Selain itu, beliau juga memiliki prinsip nilai Kompeten, yakni mengembangkan potensi diri
dengan belajar sungguh-sungguh baik saat tinggal dengan pamannya, Patih Aria, maupun saat di
sekolah Belanda meskipun bertentangan dengan adat pada saat itu yang dimana seorang rakyat
Indonesia yang bahkan seorang anak perempuan dilarang untuk bersekolah. Dan juga membantu
orang lain belajar, yakni dengan menghabiskan masa kecil beliau dengan sering memperagakan
praktik di sekolah, belajar baca-tulis, dan mengajarkan beberapa patah kata dalam bahasa Belanda,
kepada anak-anak pembantu di kepatihan saat bermain di belakang gedung kepatihan.
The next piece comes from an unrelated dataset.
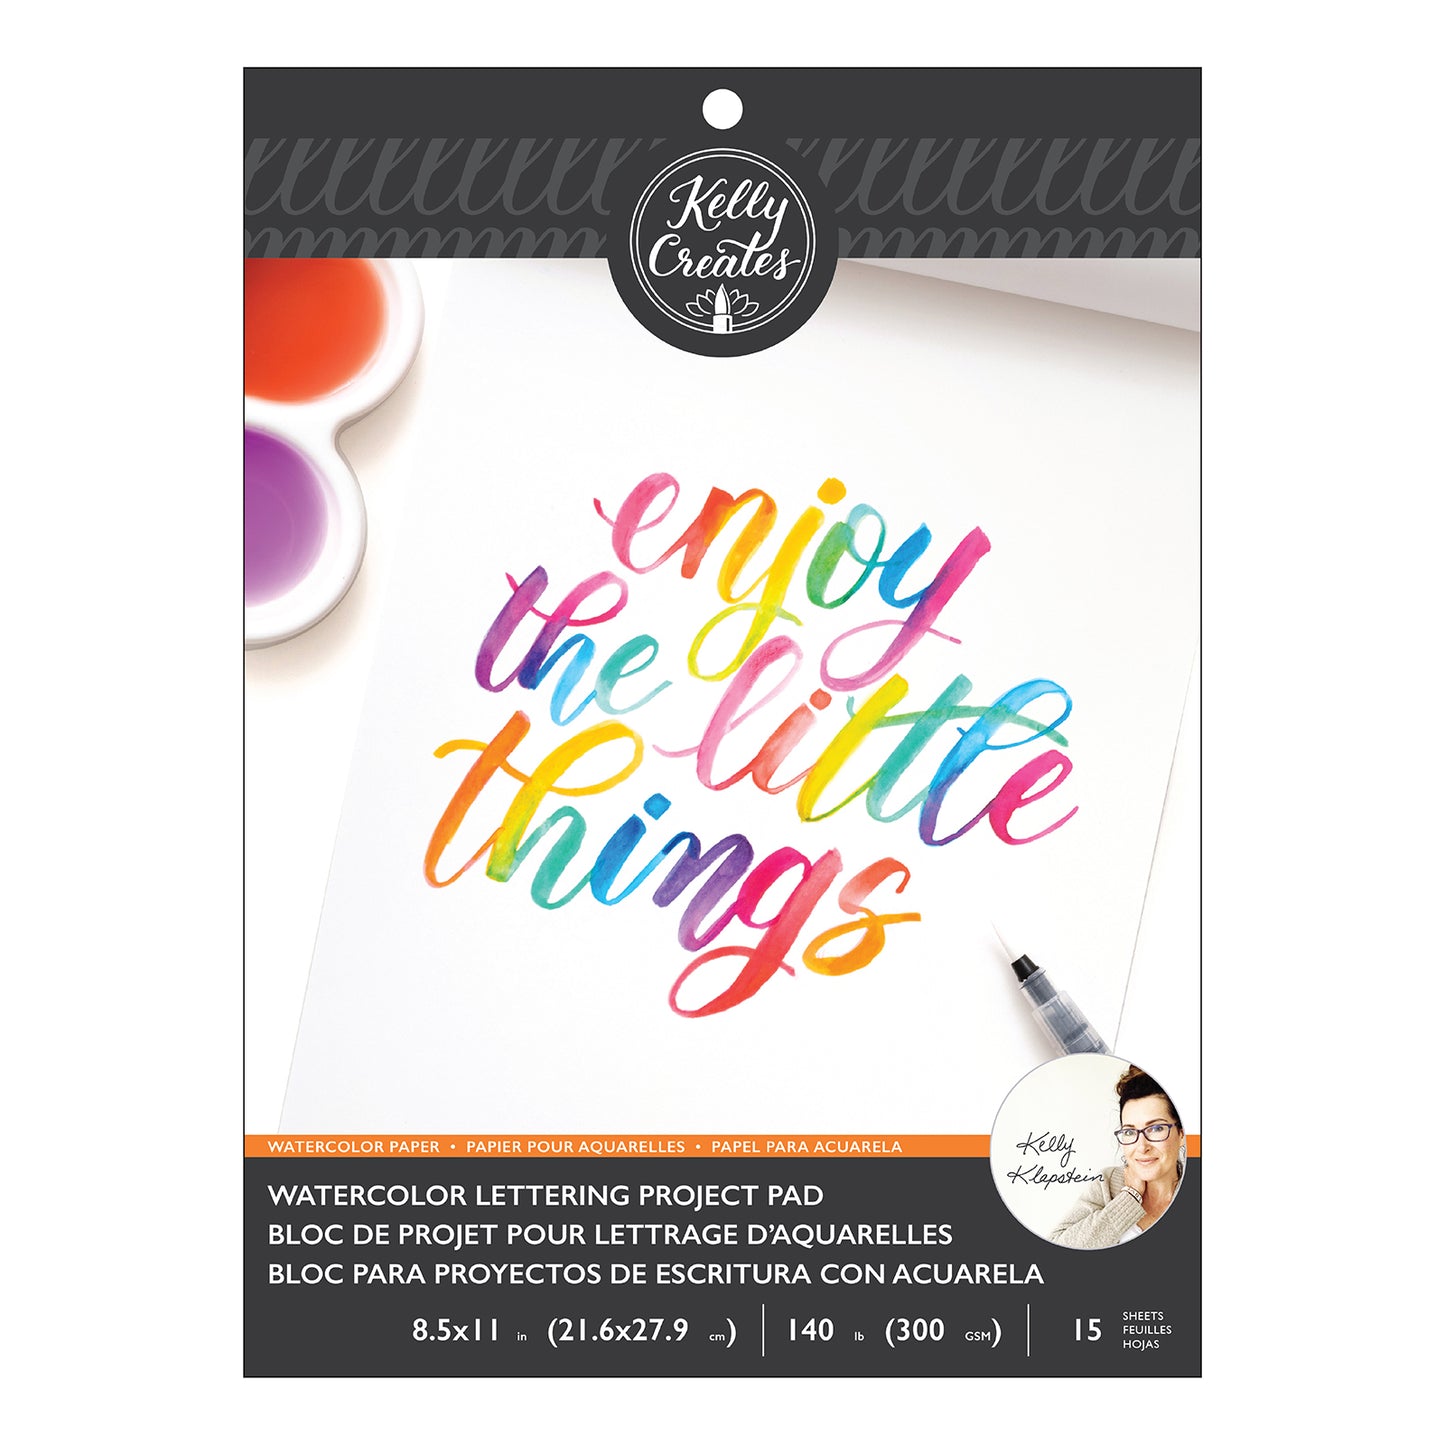 Kelly Creates Watercolor Lettering Project Pad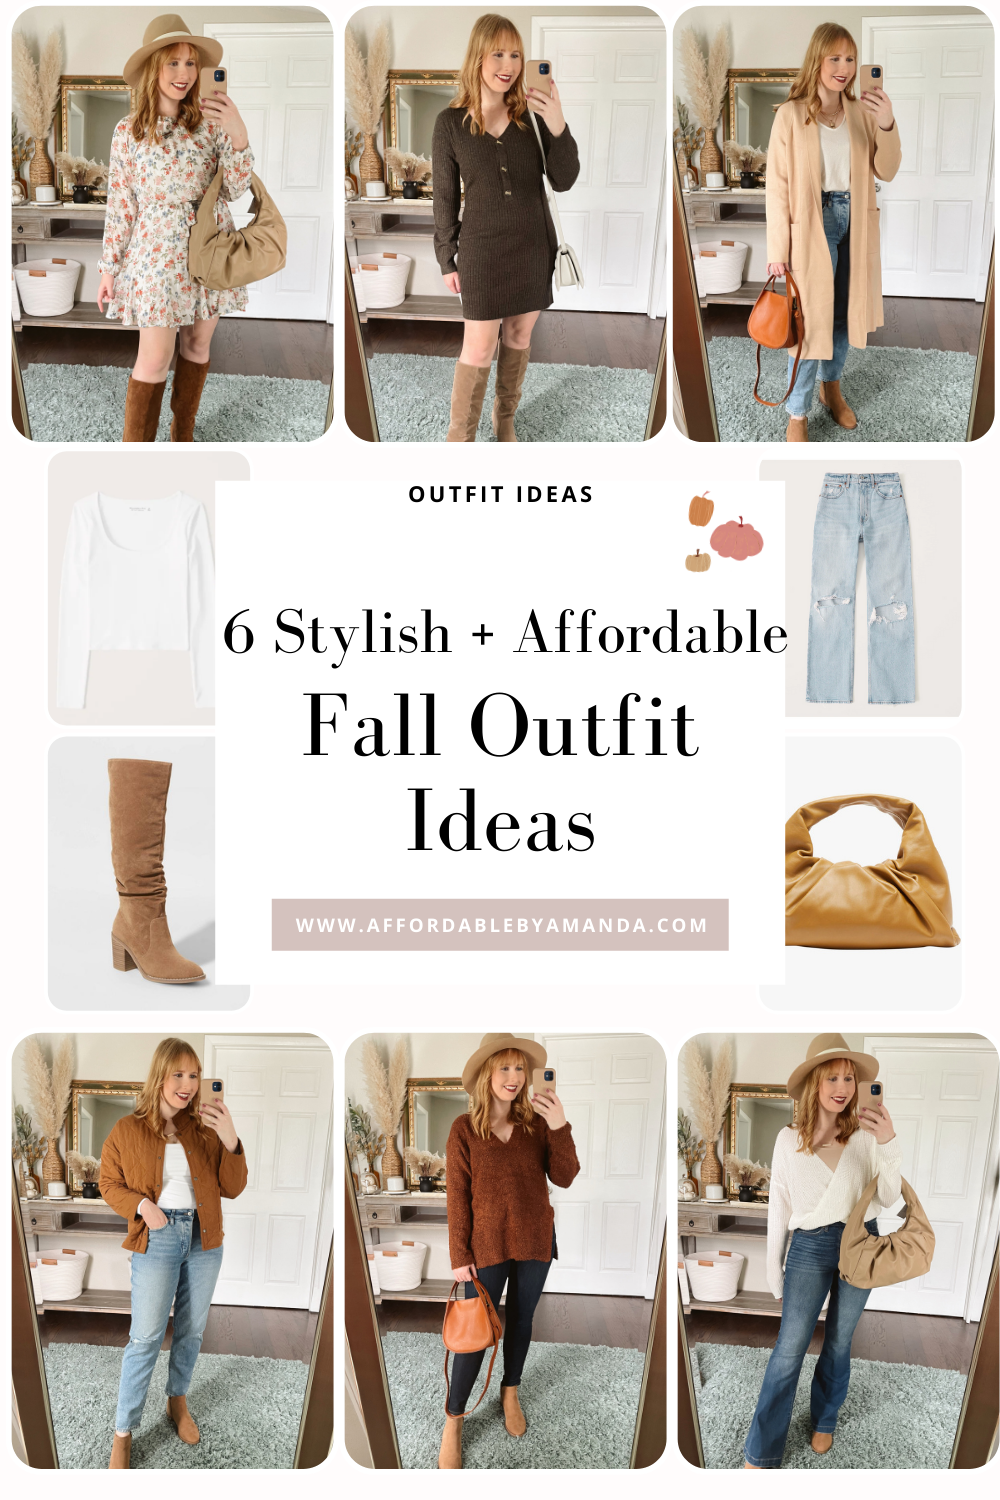 https://affordablebyamanda.com/wp-content/uploads/2021/09/stylish-and-affordable-fall-outfit-ideas.png

Kisah hidup beliau juga memiliki prinsip nilai loyalitas, yakni berdedikasi dan mengutamakan
kepentingan bangsa dengan menjadi tenaga pendidik dengan dibantu oleh kedua saudara sepupunya,
karena beliau ingin para generasi perempuan Indonesia kelak dapat menjadi ibu rumah tangga yang
baik, bisa berdiri sendiri, luwes, dan terampil dengan mengajarkan merenda, memasak, jahit-
menjahit, membaca, menulis dan sebagainya, yang menjadi materi pelajaran saat itu.

Prinsip nilai lainnya adalah Adaptif, yakni terus antusias dalam menggerakkan perubahan,
untuk merubah persepsi dan adat istiadat yang mana pada saat itu menentang kaum perempuan
untuk mengenyam Pendidikan. Berkat semangat beliau ini, pada akhirnya menular ke wanita-wanita
lainnya yang memiliki misi visi yang sama, dengan mulai bermunculannya sakola-sakola istri lainnya di
beberapa wilayah Pasundan, dan lengkap di semua wilayah pada tahun 1920. semangat ini bahkan
menyeberang ke Bukittinggi yang didirikan oleh Encik Rama Saleh.

Dan prinsip nilai yang terakhir adalah kolaboratif. Dimana pada awal membangun cita-citanya,
Raden Dewi Sartika bekerja sama dengan pamannya, Bupati Martanagara. Tak terlepas juga dibantu
oleh keluarga dan suaminya. Yang pada akhirnya juga dibantu oleh pemerintah Hindia-Belanda
dengan dibangunkannya gedung sekolah baru yang lebih besar dan lengkap.